While many Armenians assert the importance of the Church to their culture, they acknowledge that its influence was limited during the Soviet era, when there were 10 clergy for all Armenians and baptisms took place in secret.

Elyssa Karanian, 22, is an Armenian-American journalist and researcher living and working in Yerevan. Karanian’s experiences in Armenia and the United States lead her to believe that the Church plays a larger role in diasporan communities (groups that have been dispersed outside of their traditional homeland) than it does in Armenia itself.
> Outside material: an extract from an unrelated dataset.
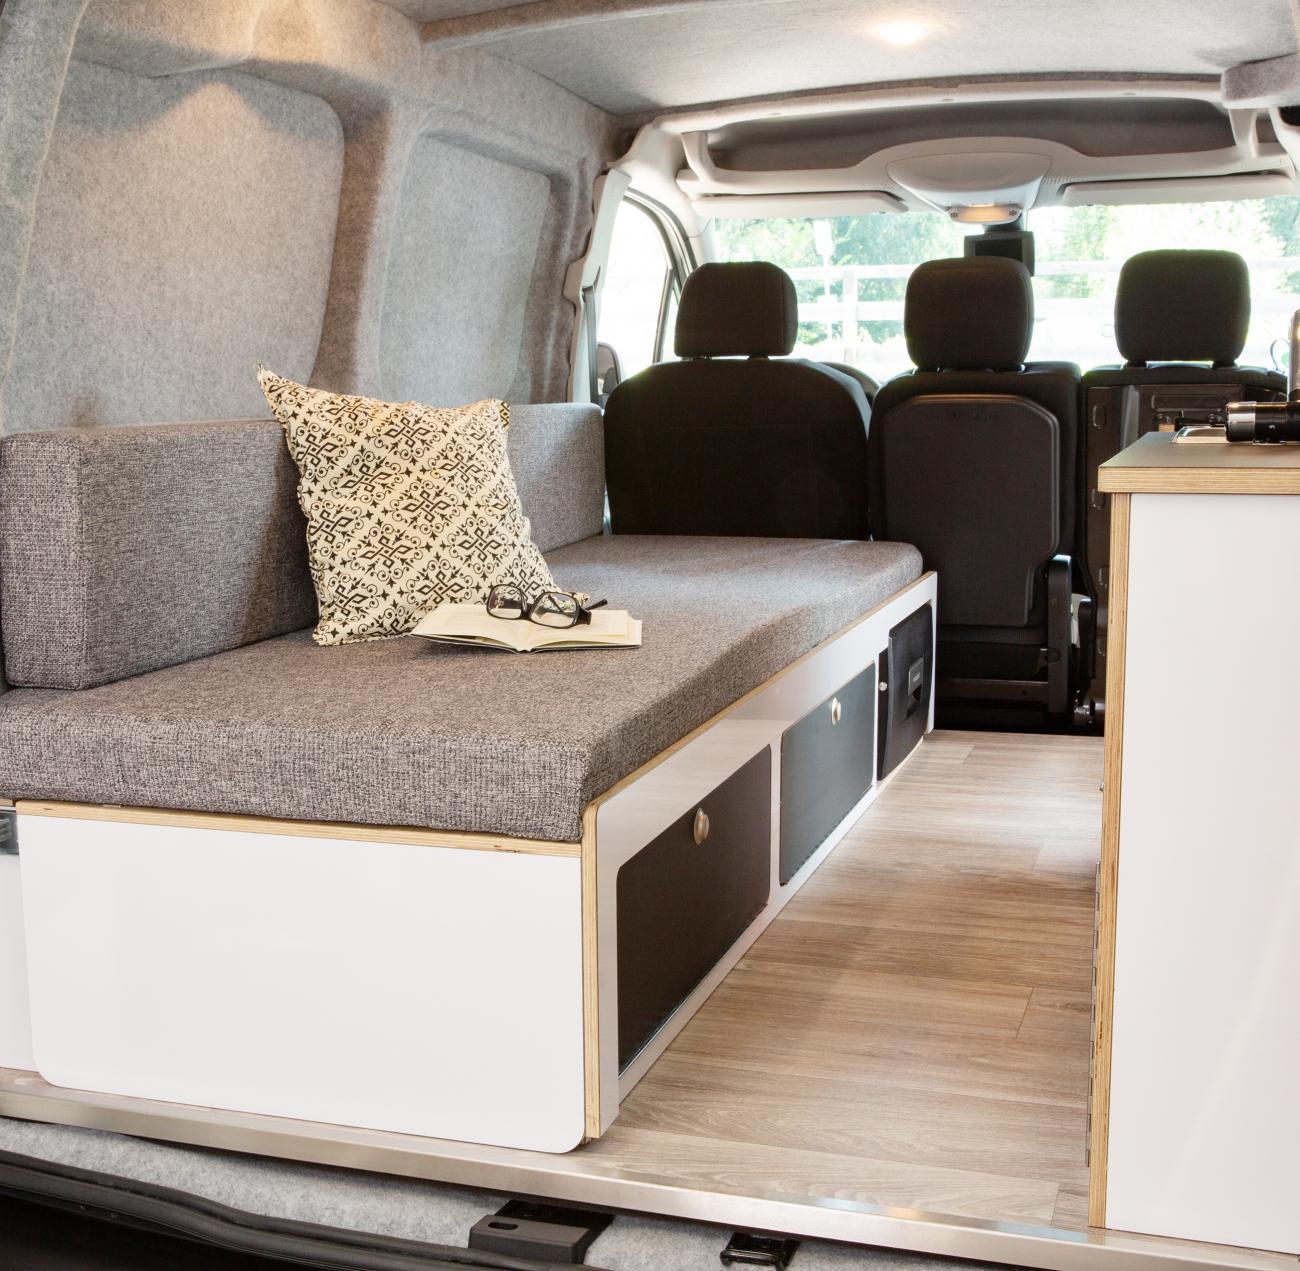 Full Size of Platzsparend In Den Urlaub Peugeot Partner Alpin Camper Welt Französische Betten Clinique Even Better Bett 220 X 200 Ausziehbares Bestes 140x200 Mit Stauraum Bett Bett Platzsparend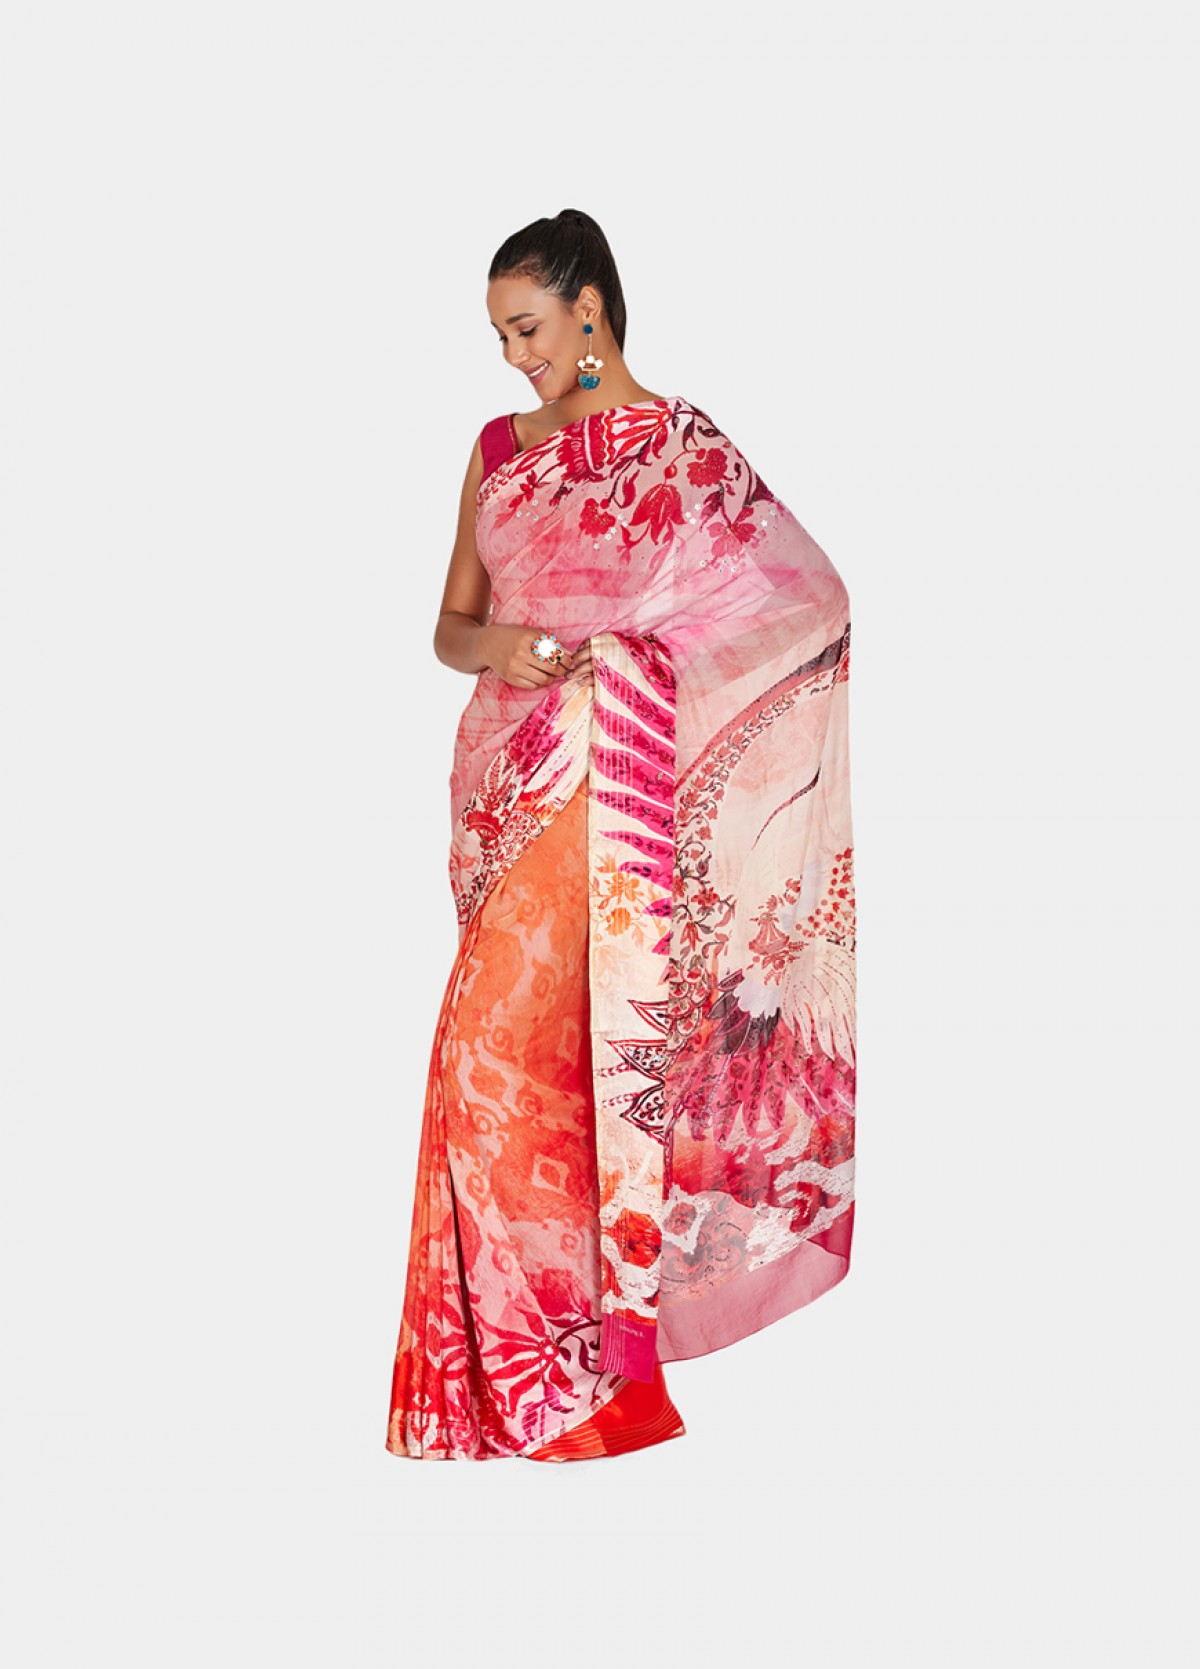 The Crane Sari

“I think the years of Soviet rule did quite a bit to diminish the Church’s role in Armenia,” Karanian said.

The face of faith
Whatever the role of faith in Armenia might be, it is impossible to deny its presence. Armenia prides itself on being the first nation to adopt Christianity as the national religion. Legend says that in the third century, St. Gregory the Illuminator refused to renounce his faith and was tortured by the Armenian King      Trdat IV. The king eventually threw Gregory into a deep pit reserved for criminals, where Gregory was expected to die. The official history of the Armenian Church says that Gregory survived in the pit for 13 years, until he healed King Trdat from a distance. The king then brought Gregory out of exile and converted the nation to Christianity in A.D 301.

Today people can visit the pit at the 17th century monastery of Khor Virap. Armenians lovingly refer to it as the “Holy Hole,” but claustrophobics beware: A chapel was built above the pit, and visitors have to enter the room through a tiny crawlspace. Above ground, the views from Khor Virap are more impressive. It sits in the shadow of Mount Ararat, and although the border with Turkey is closed to Armenians, the mountain is a national symbol and is on Armenia’s coat of arms.

“The Church seems to be embedded in our culture,” Movsisyan said. “Anywhere you travel in Armenia, you will come across the splendid testaments to this in churches, monasteries, temples and khachkars [traditional stone crosses] that are all carved with great masterfulness and endless faith.”

Khor Virap is just one example of the faith incarnate in Armenia today. Another is the 13th century Haghartsin monastic complex. It sits near the town of Dilijan in the northeast province of Tavush, where stunning views of the forested mountains prompt Armenians to refer to the region as “little Switzerland.”

In a courtyard at the monastery, women bake loaves of a doughnut-shaped sweet bread called katnahunc. A woman uses a wooden paddle to pull 60 loaves a day out of a wood-fired brick oven, while her granddaughter hides behind mountainous bowls of dough. The loaves are sold to tourists and pilgrims. Behind the main chapel, a twisted 700-year-old tree specific to the region scrapes the sky with its scraggly branches.

Tapping potential
In the courtyard of the ancient little church in Yerevan, where skeletons of old Soviet buildings are surrounded by construction cranes, Mount Ararat looms in the distance, I have to believe Movsisyan is right about Armenia having much to offer.  America is enduring nothing today that Armenia hasn’t experienced, and in collaboration among students, citizens and believers we have the potential to achieve the sort of economic and political renewal that will force people to remember from whence they came.

“[Our faith] has always played a vital role in preserving our nation and our state,” Movsisyan said. “In times of foreign invasions, in times when we had no state, our religion and strong belief kept us alive and united.”